(Supplied records)

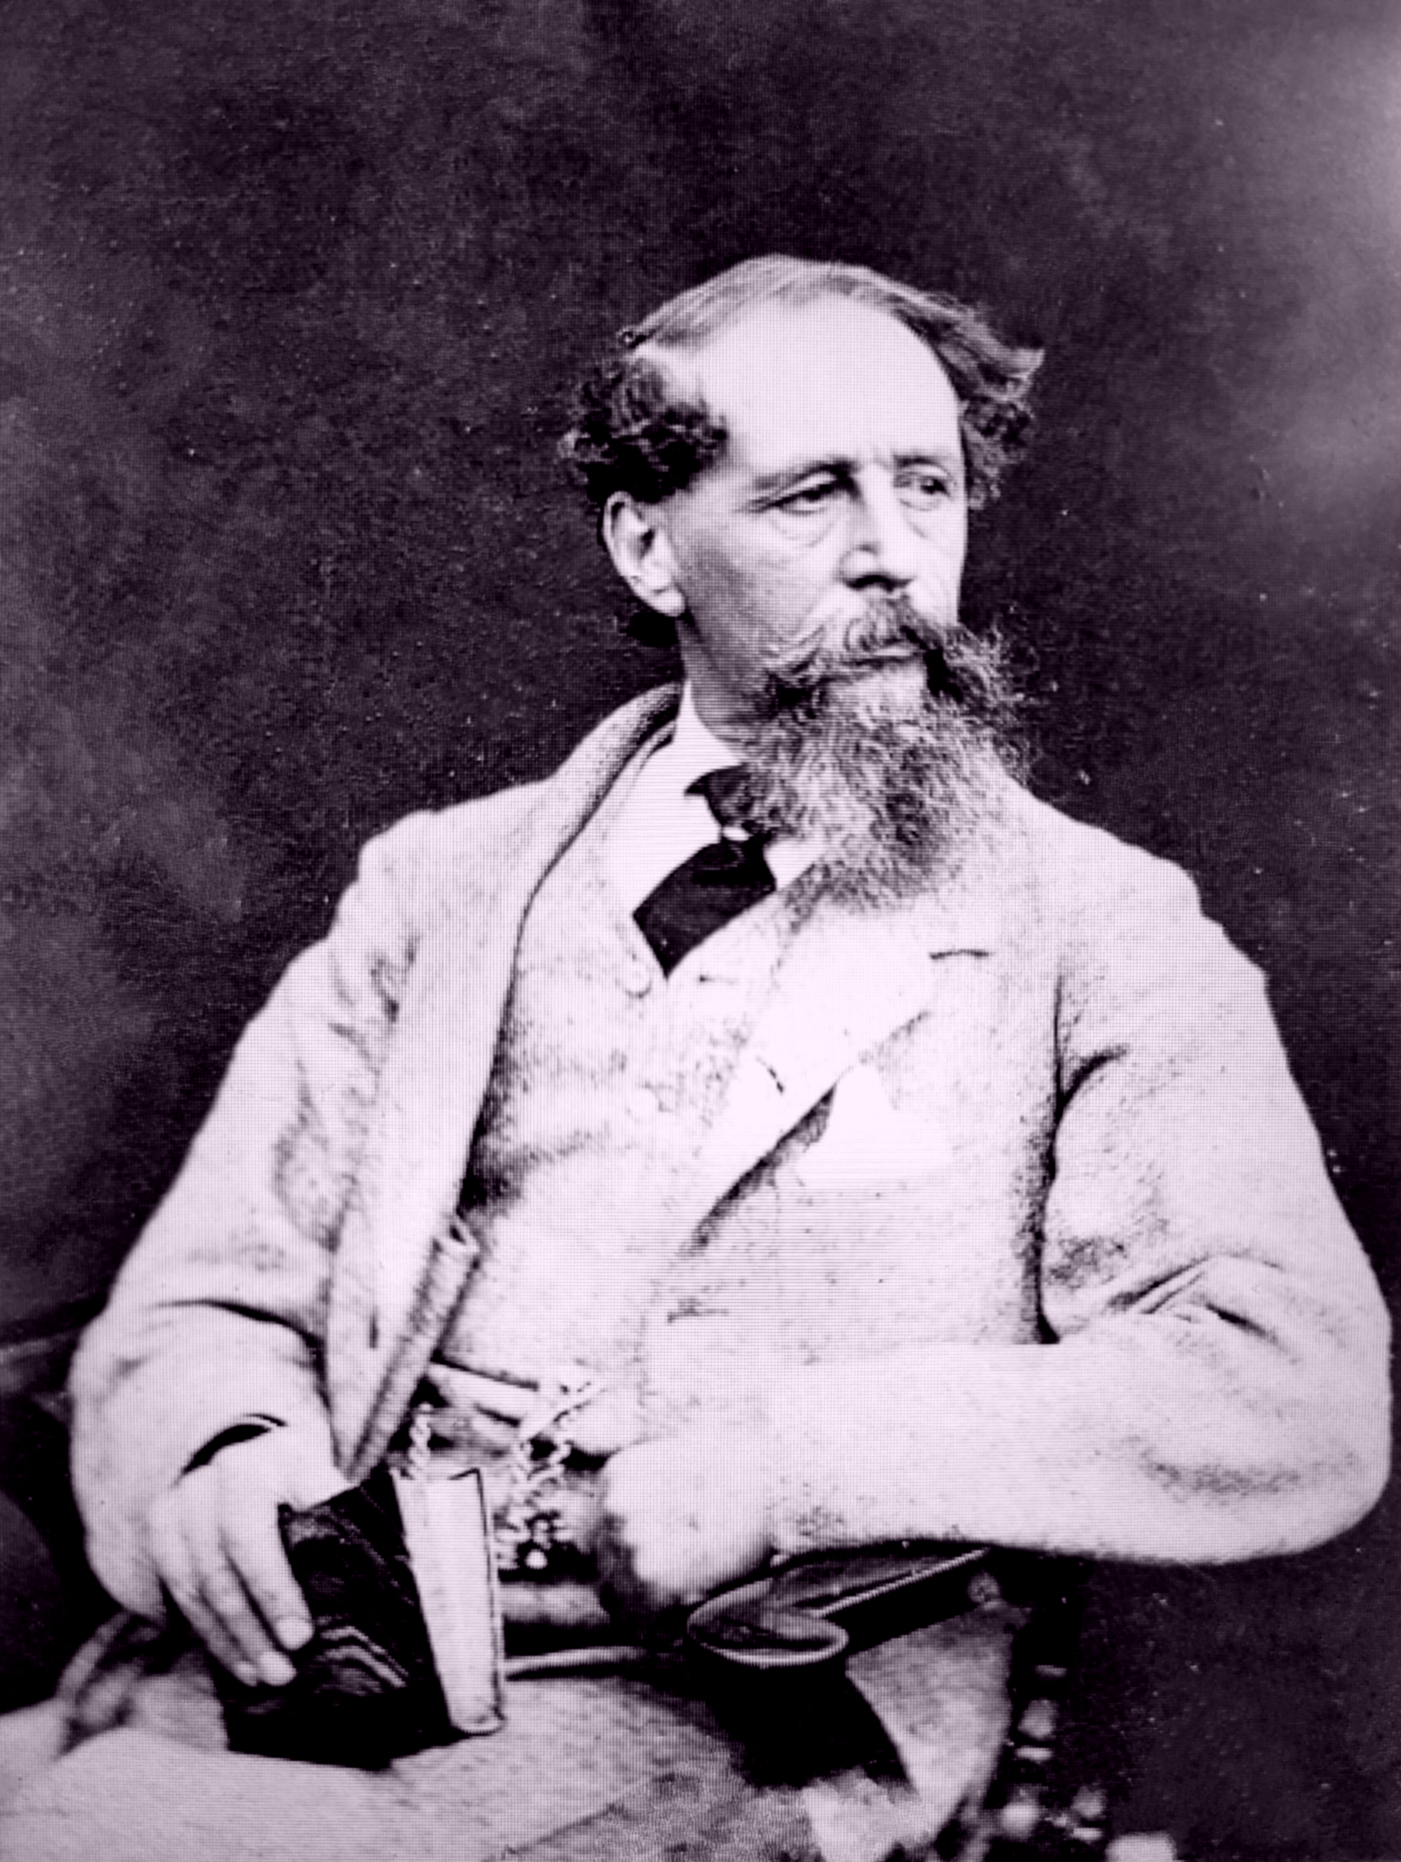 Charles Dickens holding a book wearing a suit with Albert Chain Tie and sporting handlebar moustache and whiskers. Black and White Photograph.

(End Supplied records)
(Supplied records)

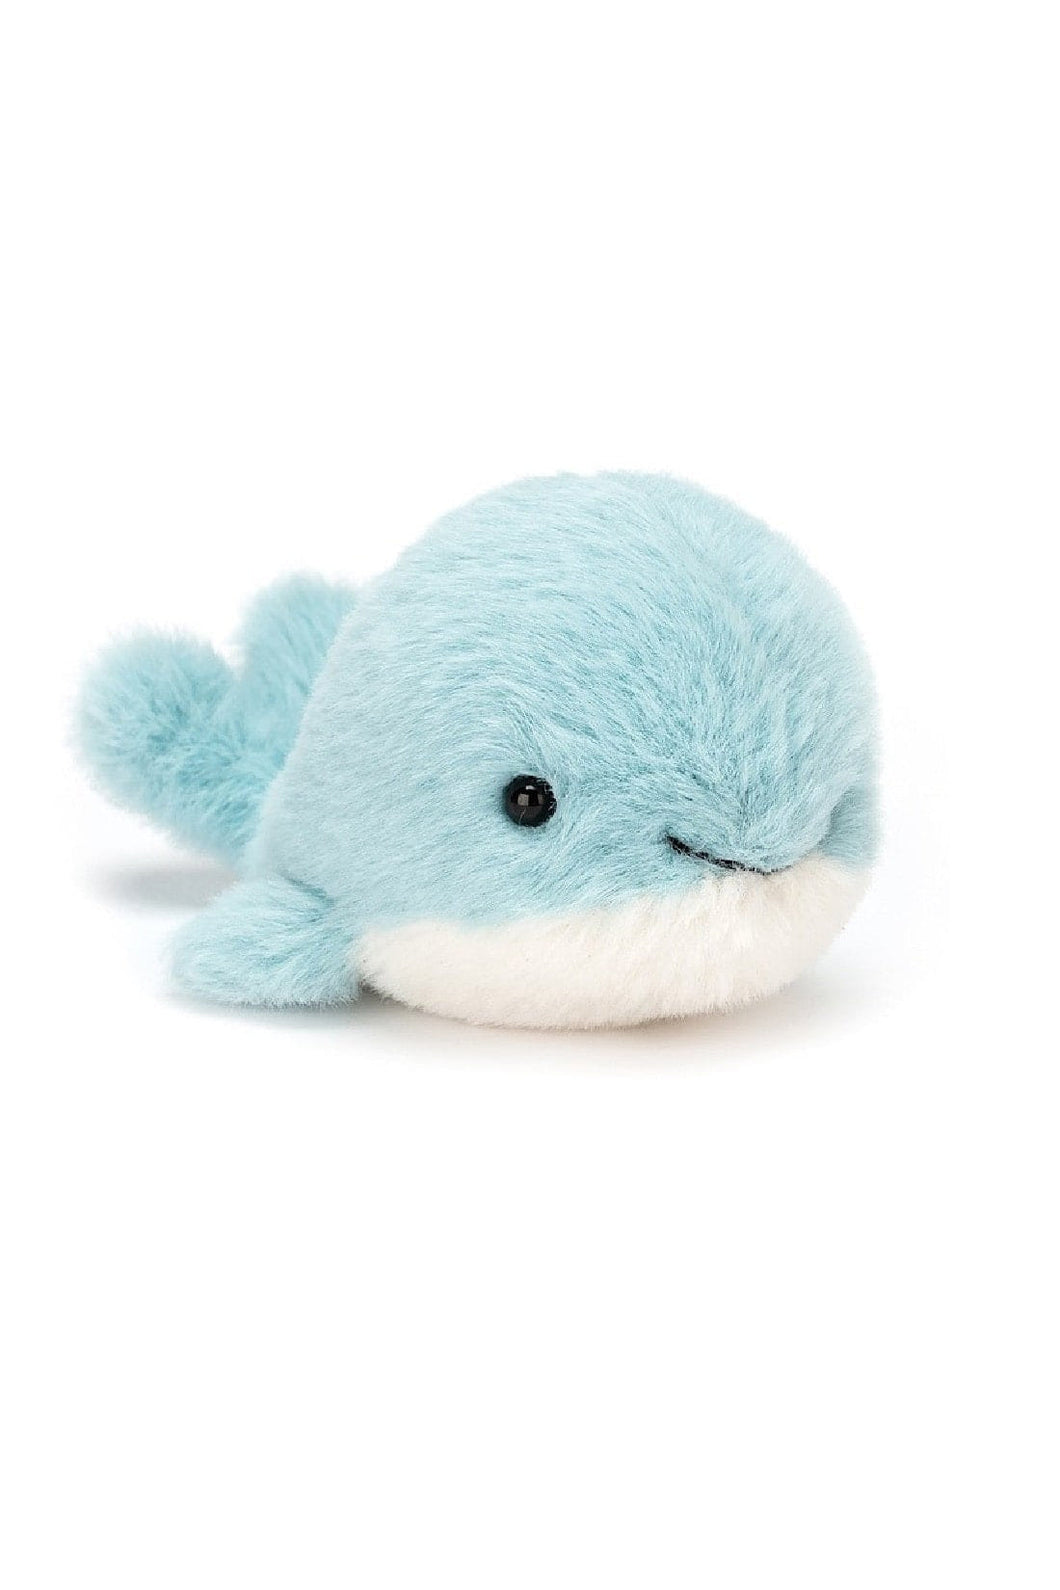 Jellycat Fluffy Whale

(End Supplied records)
(Supplied records)

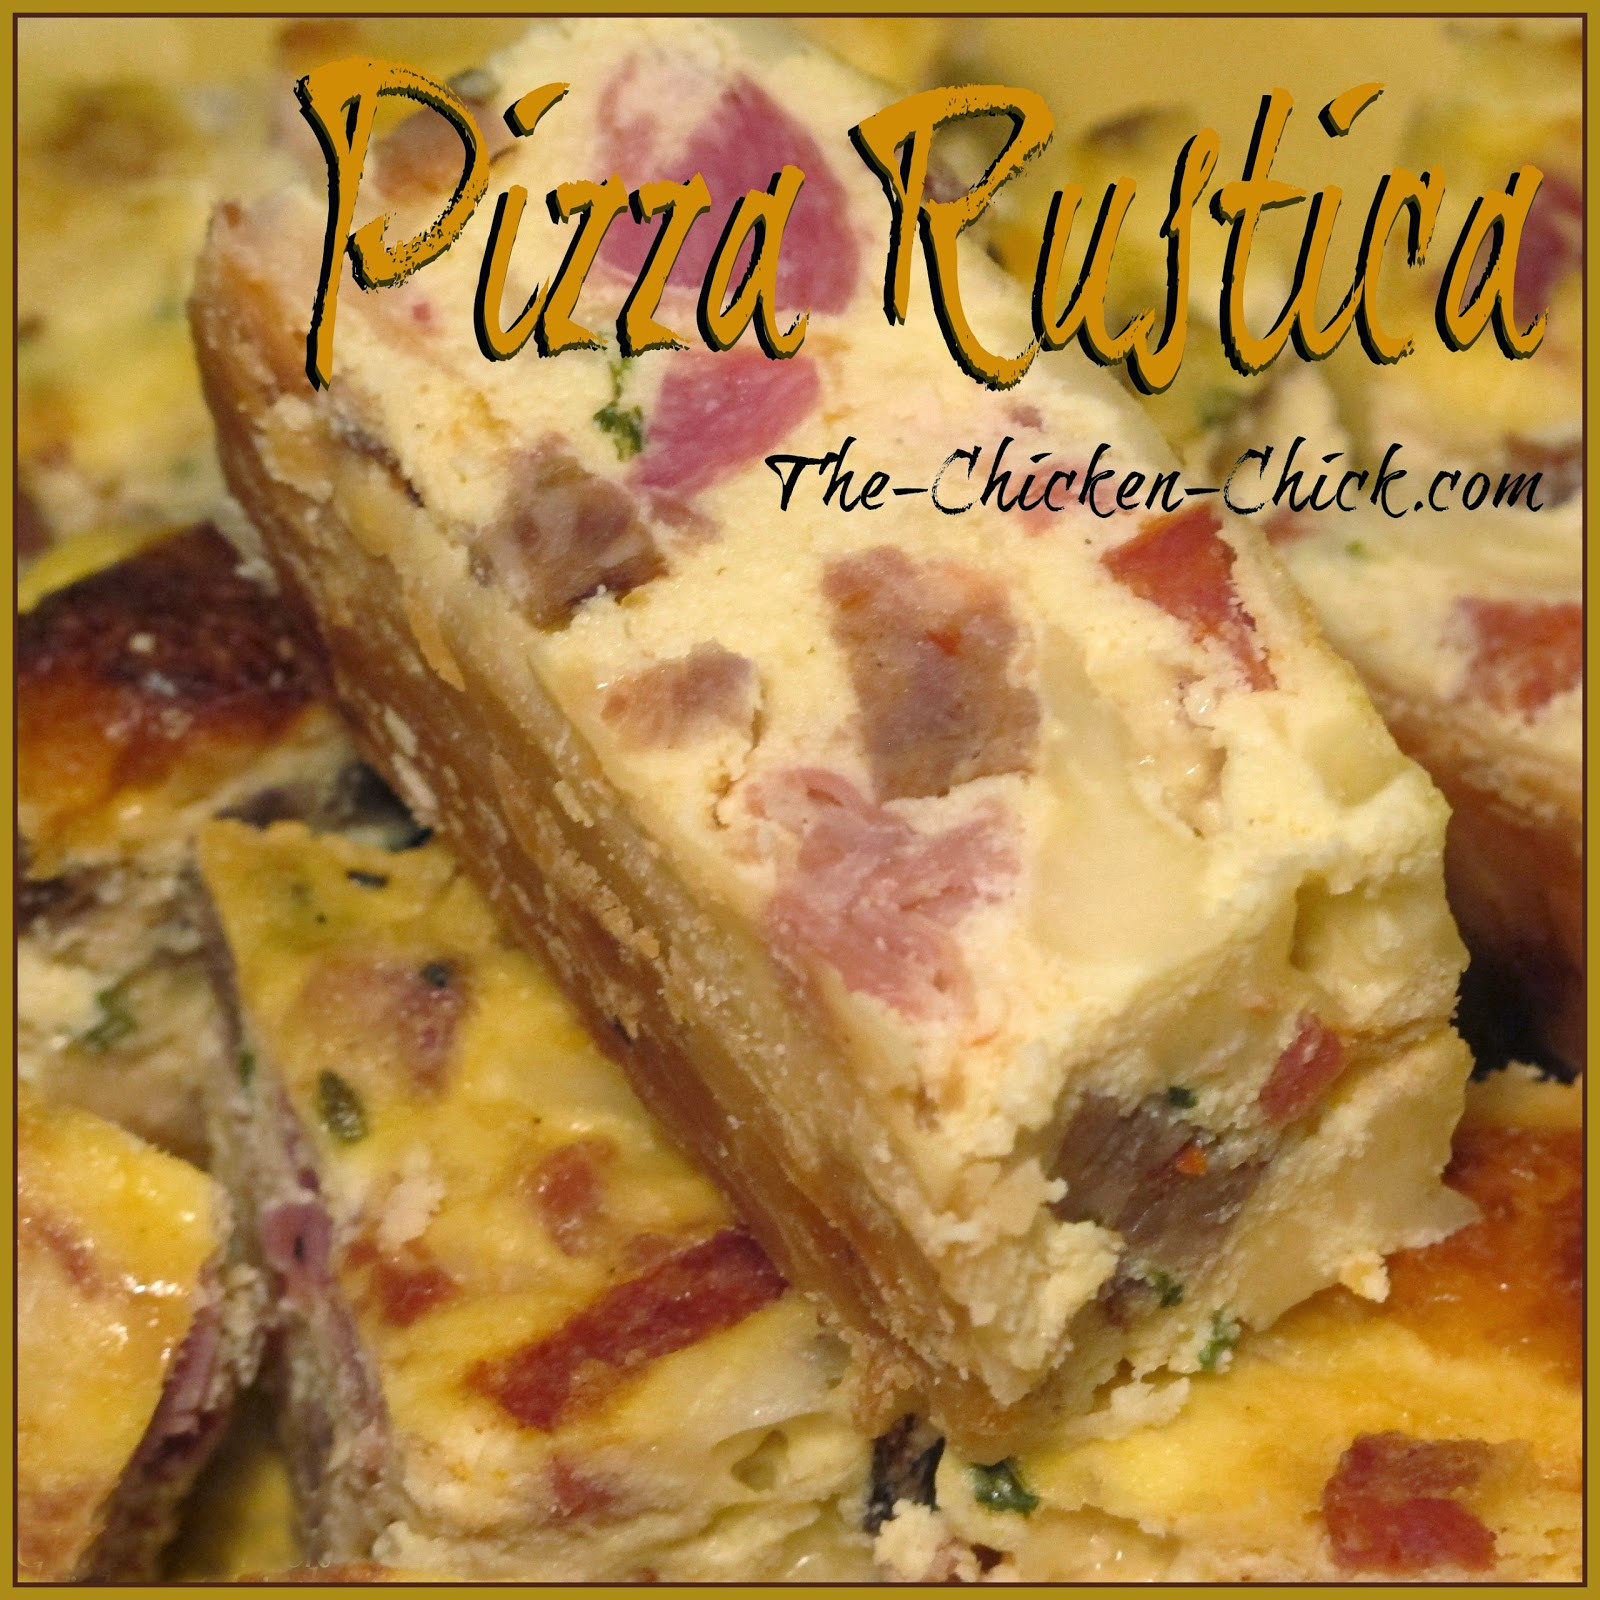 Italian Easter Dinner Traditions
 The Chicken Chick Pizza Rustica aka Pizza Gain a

(End Supplied records)

§ Problem details
Starting with the line above that holds "Italian Easter Dinner Traditions", restate each line word for word up to and including the line that holds "The Chicken Chick". Drop the pictures.

§ Task solution
 Italian Easter Dinner Traditions
 The Chicken Chick Pizza Rustica aka Pizza Gain a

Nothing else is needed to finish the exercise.